> _What the task asks_
Word for word, copy all the data and drop the pictures.

> _Recorded information_
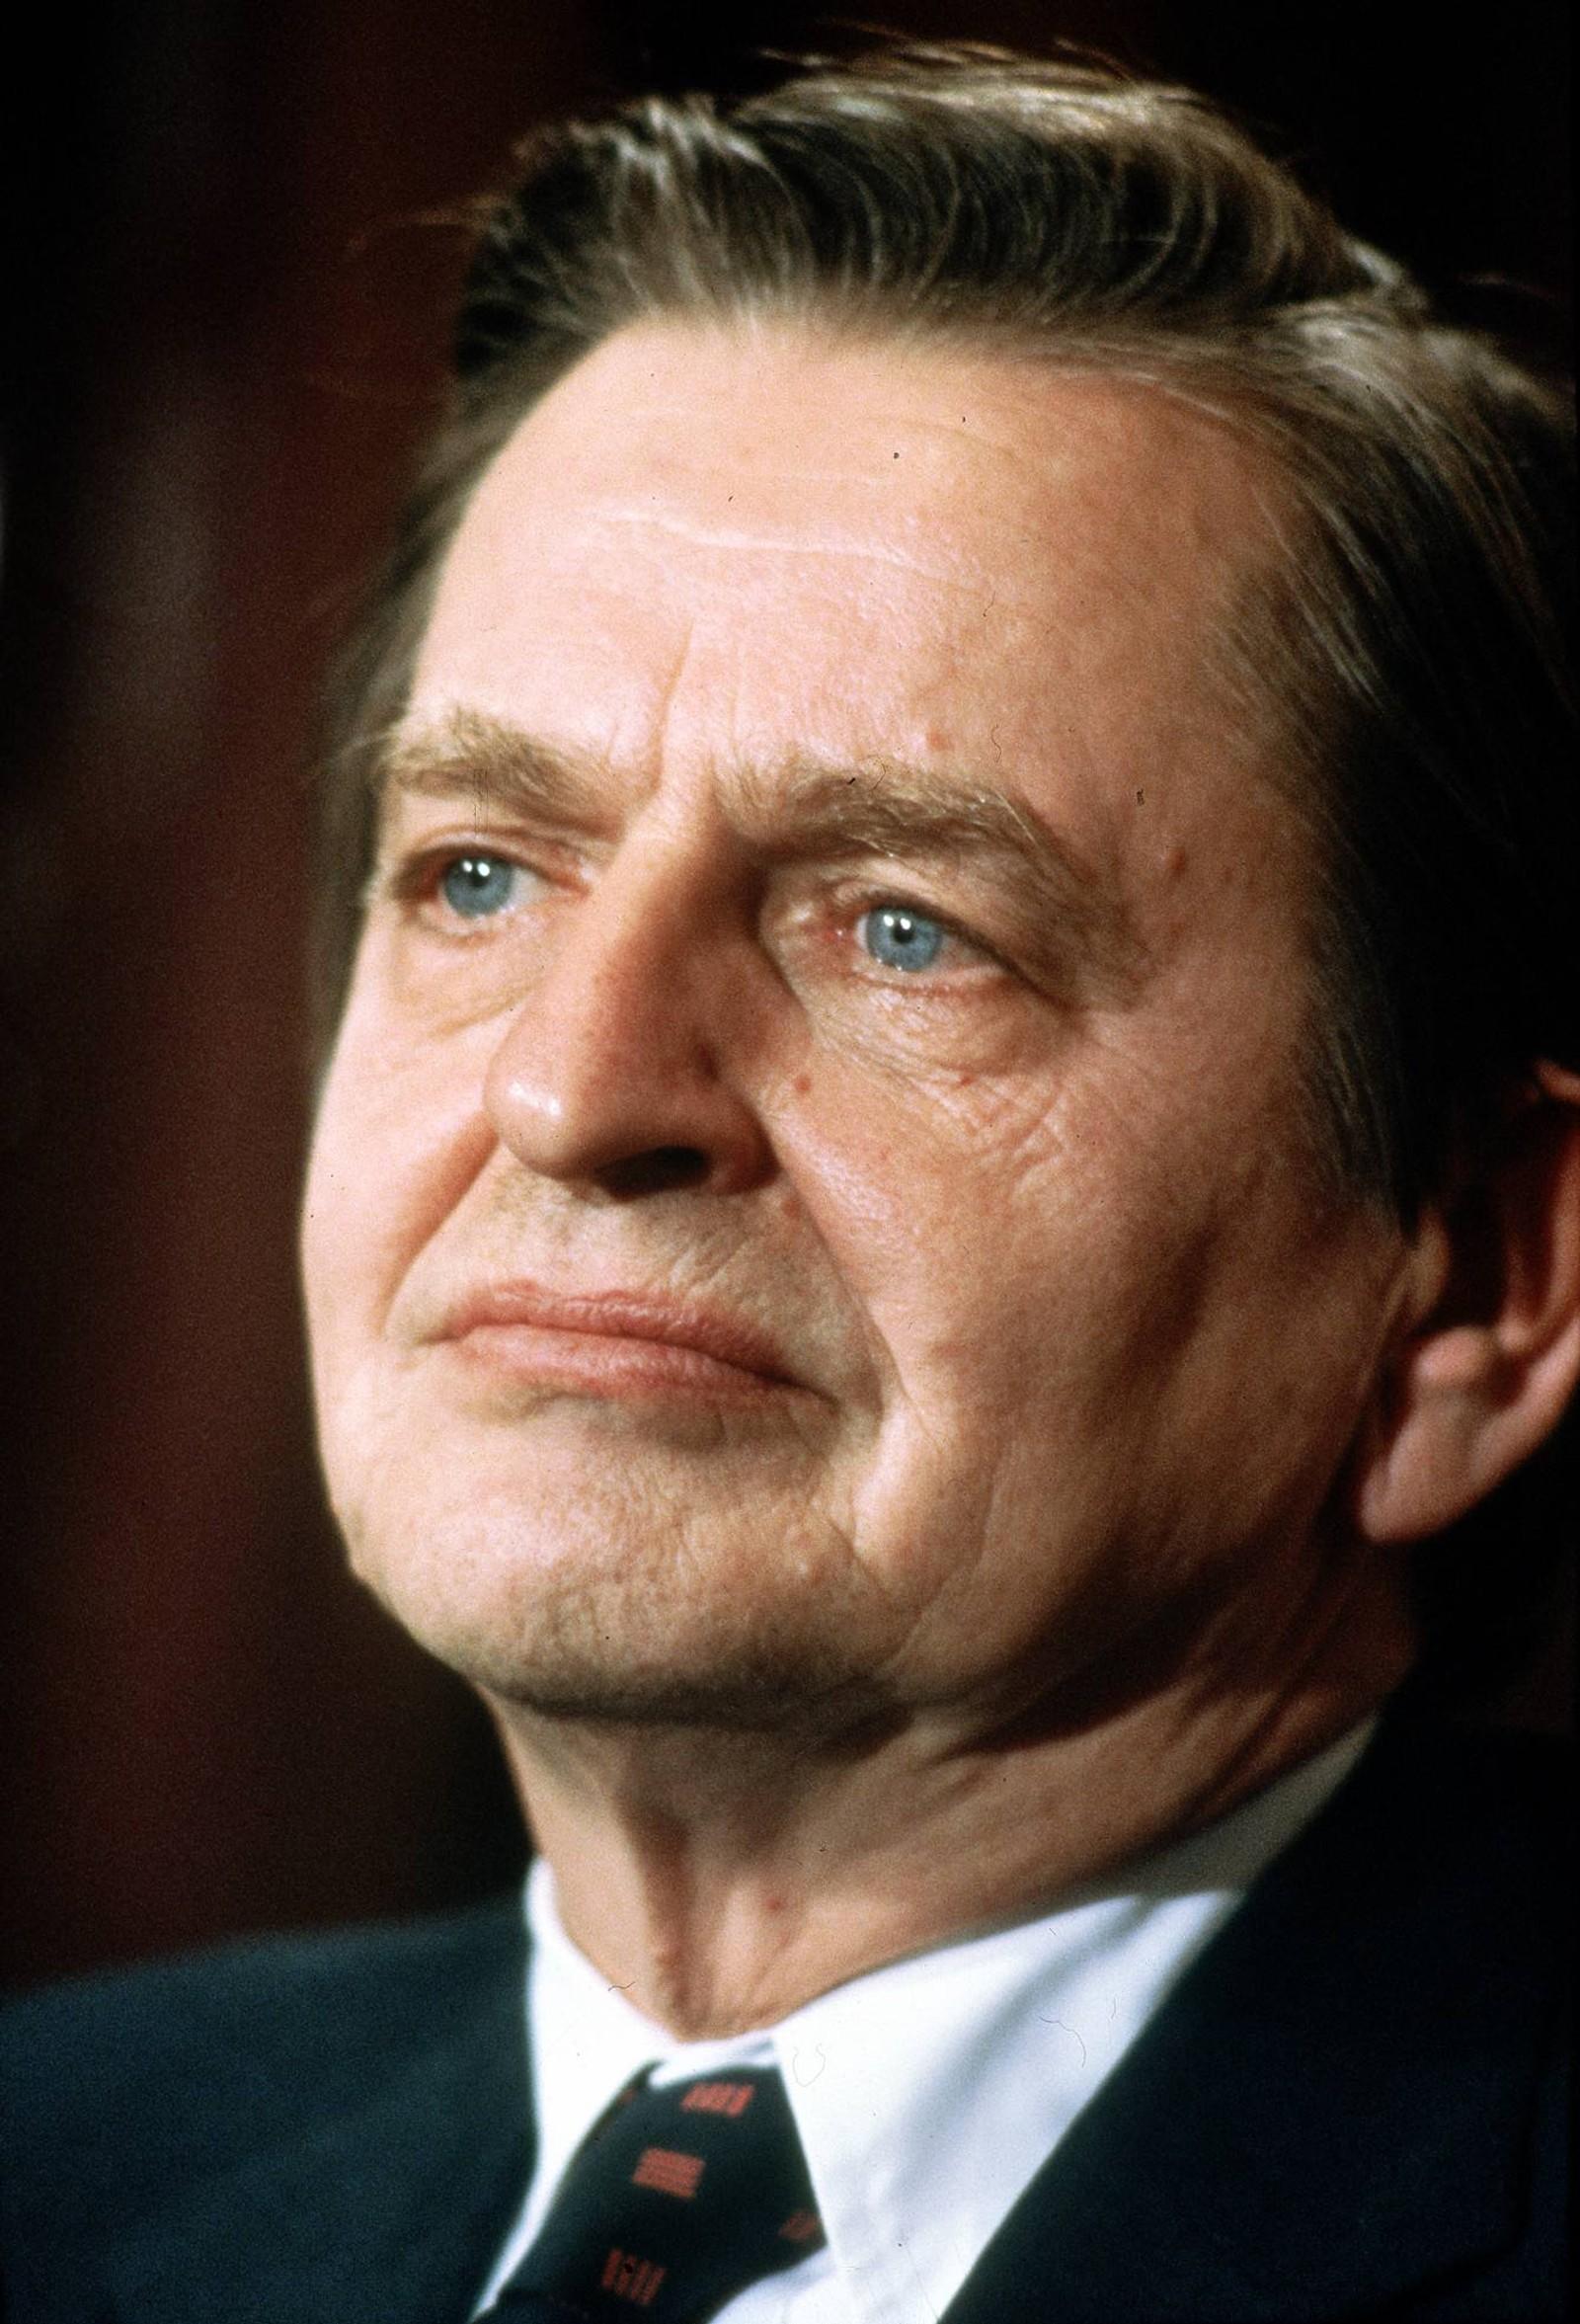 Statsminister Olof Palme avbildet under et besøk i Norge i 1983.
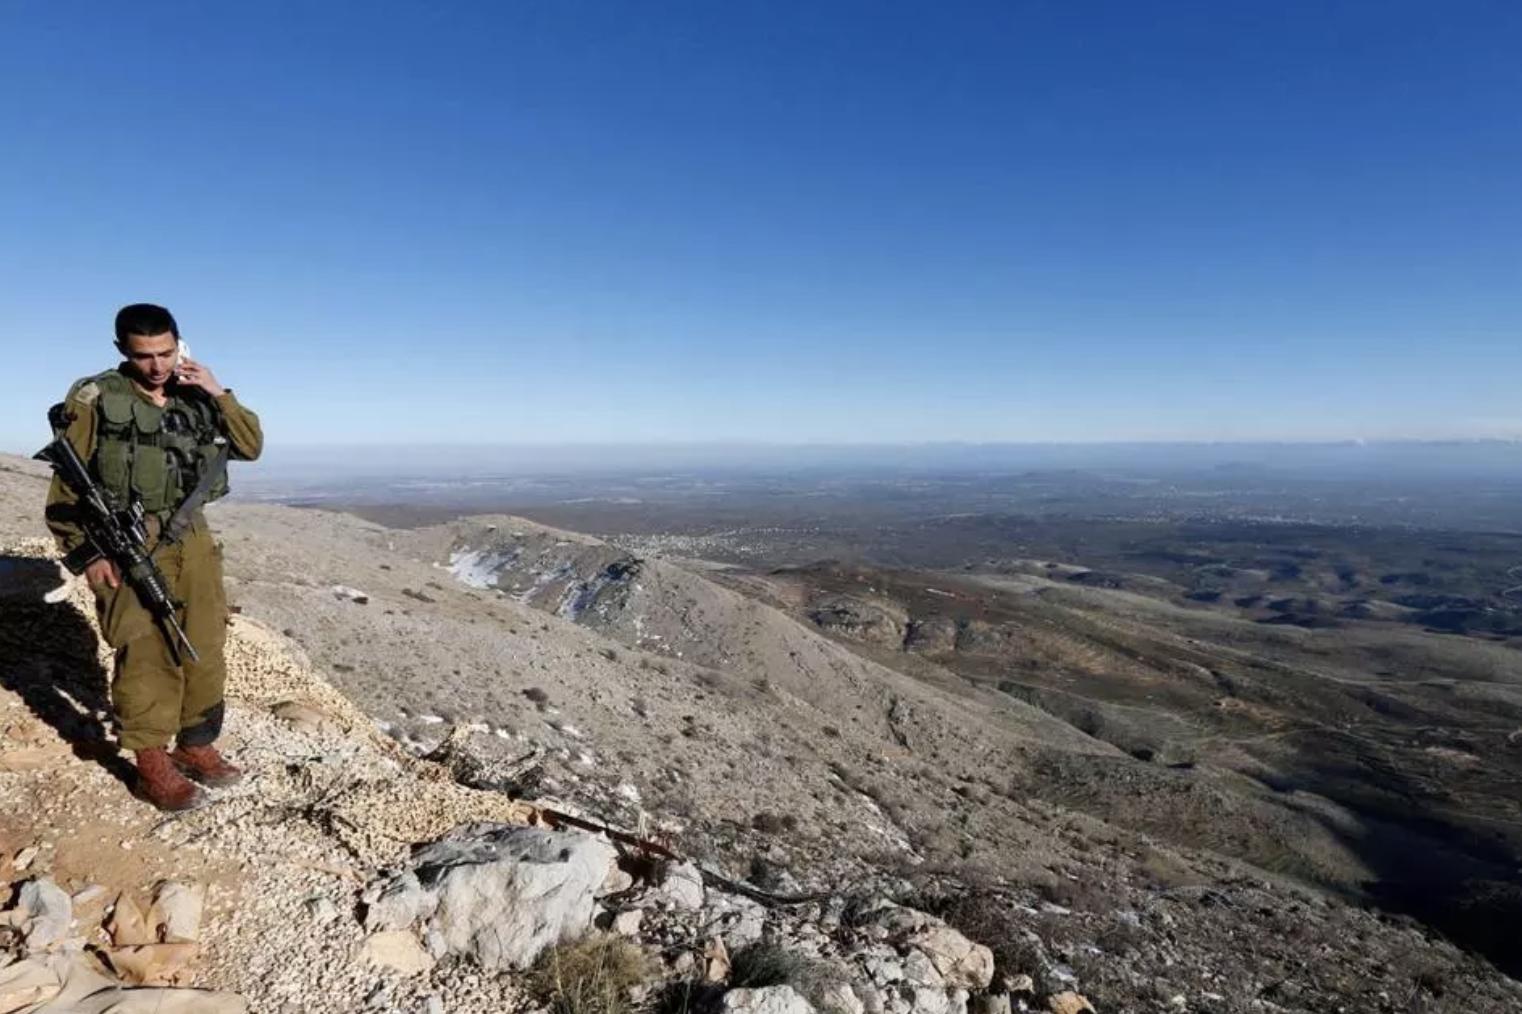 Israeli soldier overlooks the Golan Heights
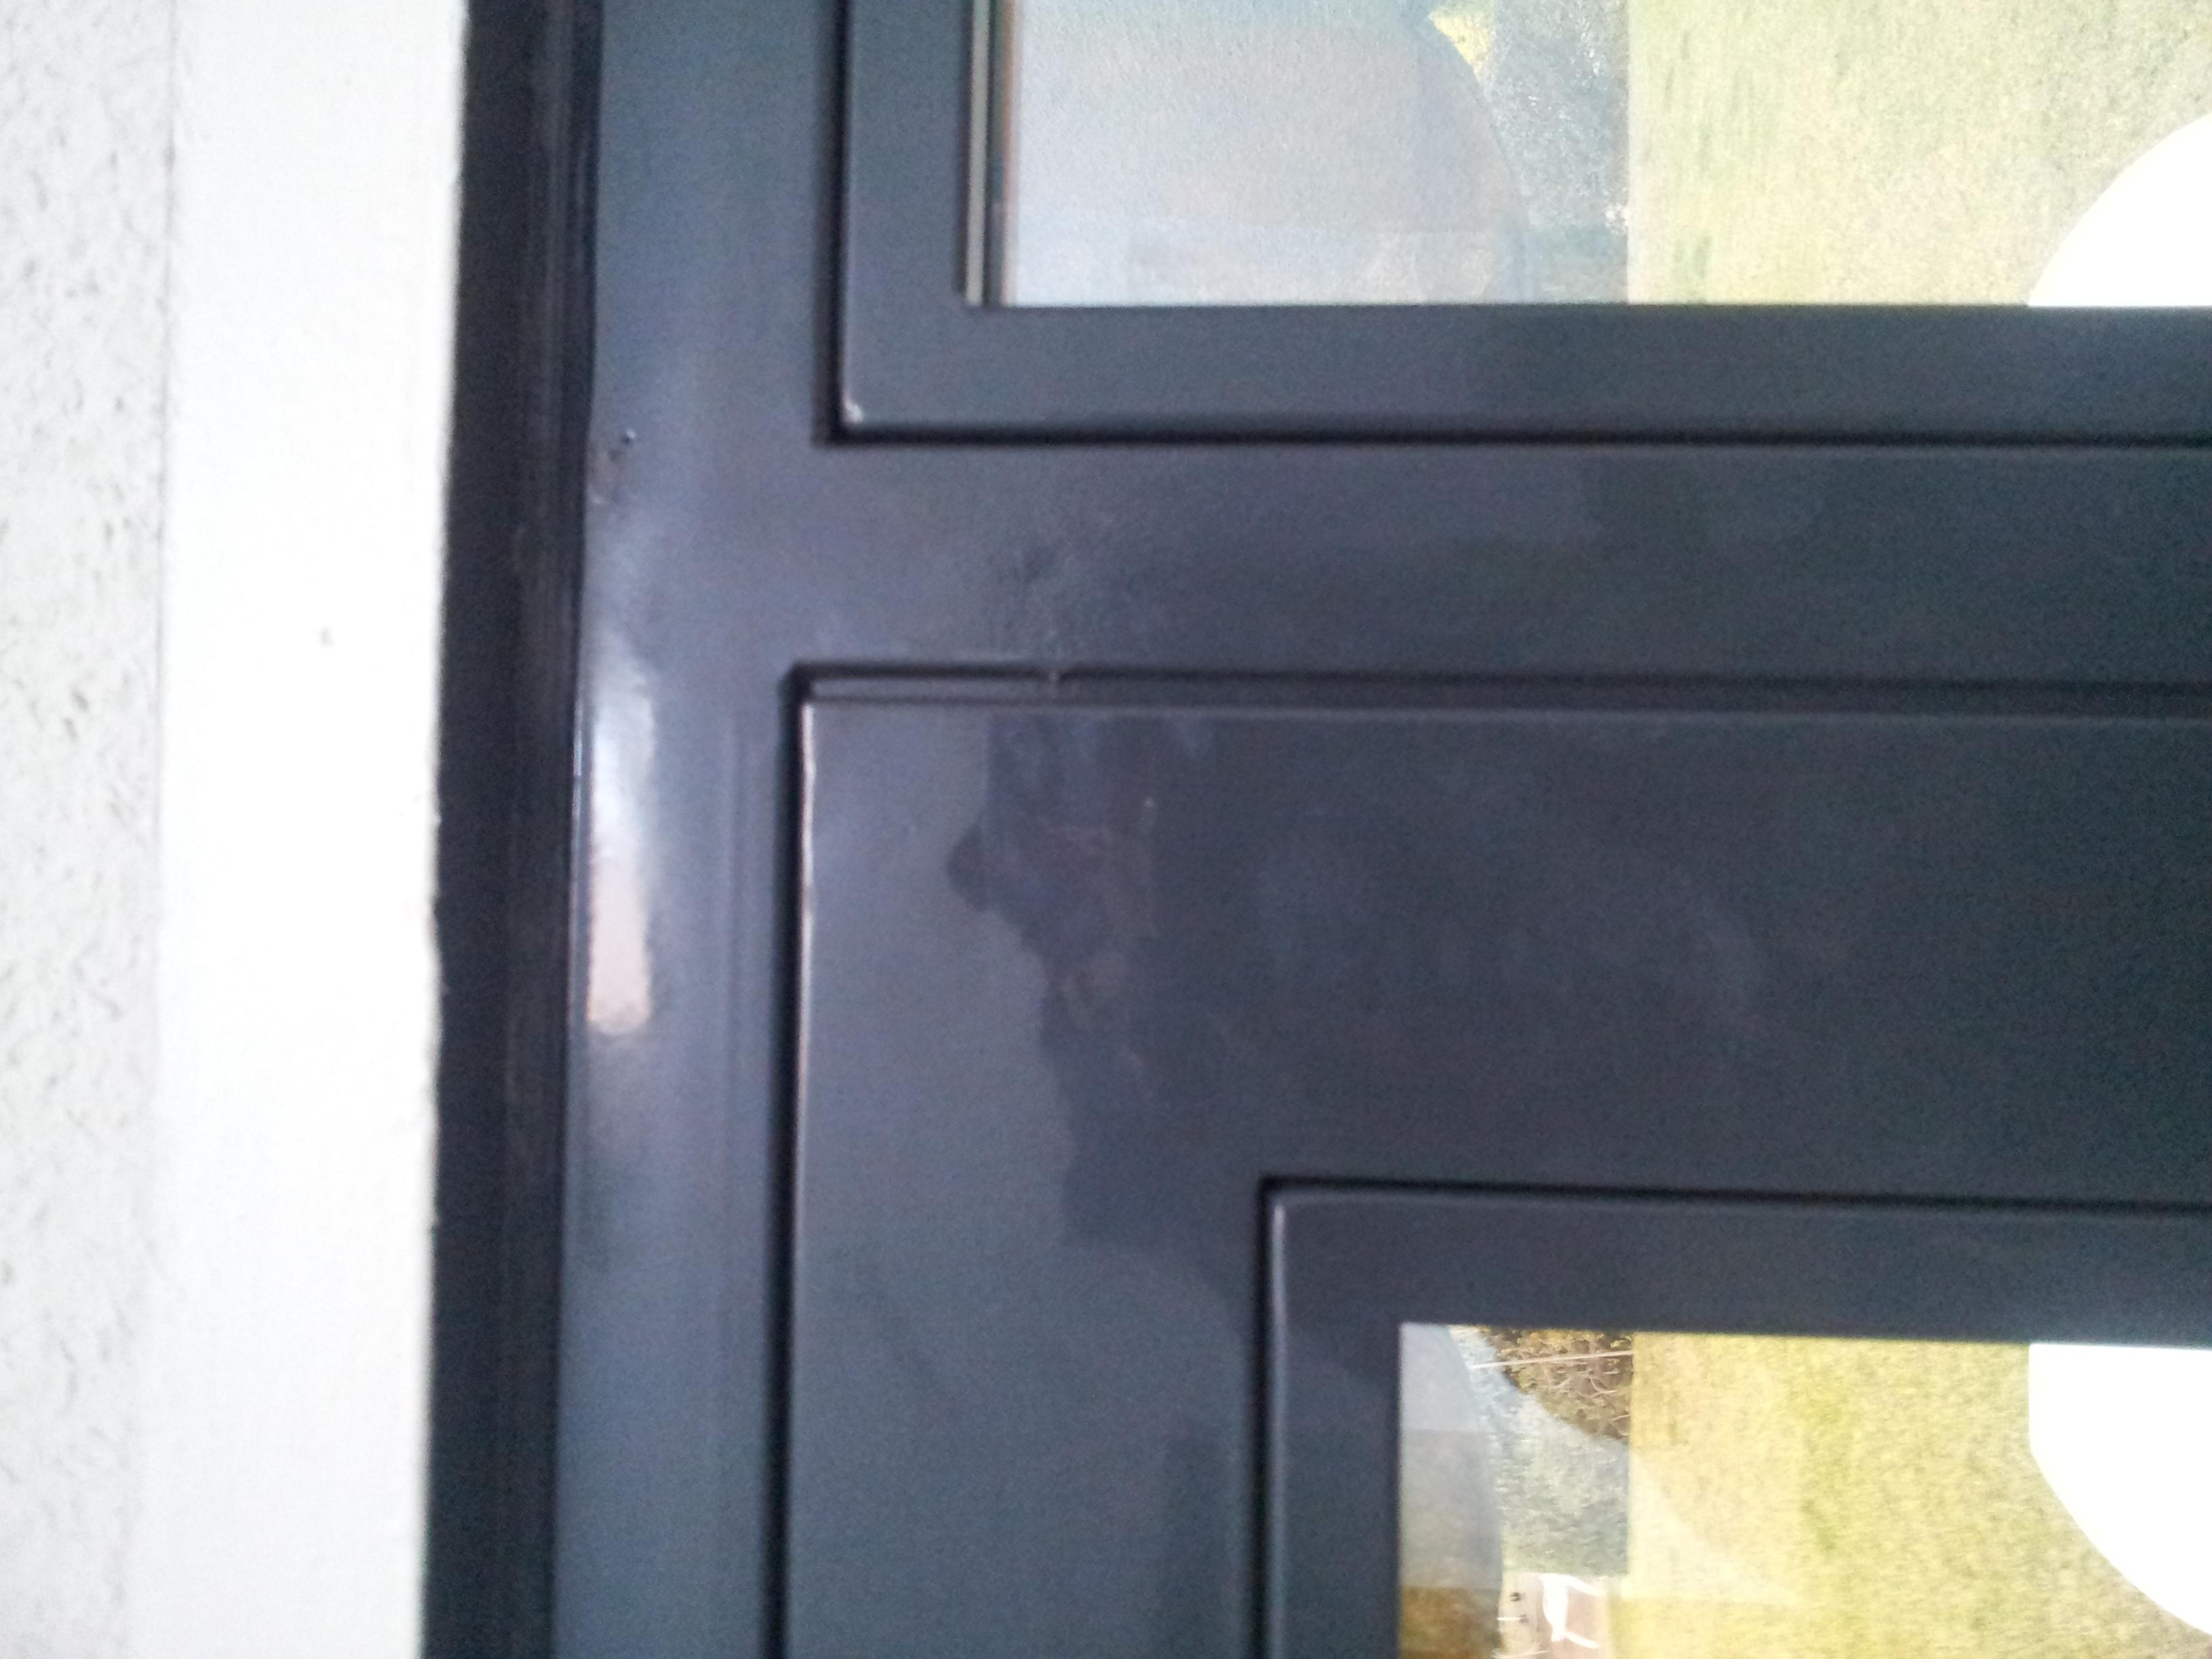 Puerta entrada a vivienda hermetica for Puerta entrada vivienda

> _Result of this task_
 Statsminister Olof Palme avbildet under et besøk i Norge i 1983.
 Israeli soldier overlooks the Golan Heights
 Puerta entrada a vivienda hermetica for Puerta entrada vivienda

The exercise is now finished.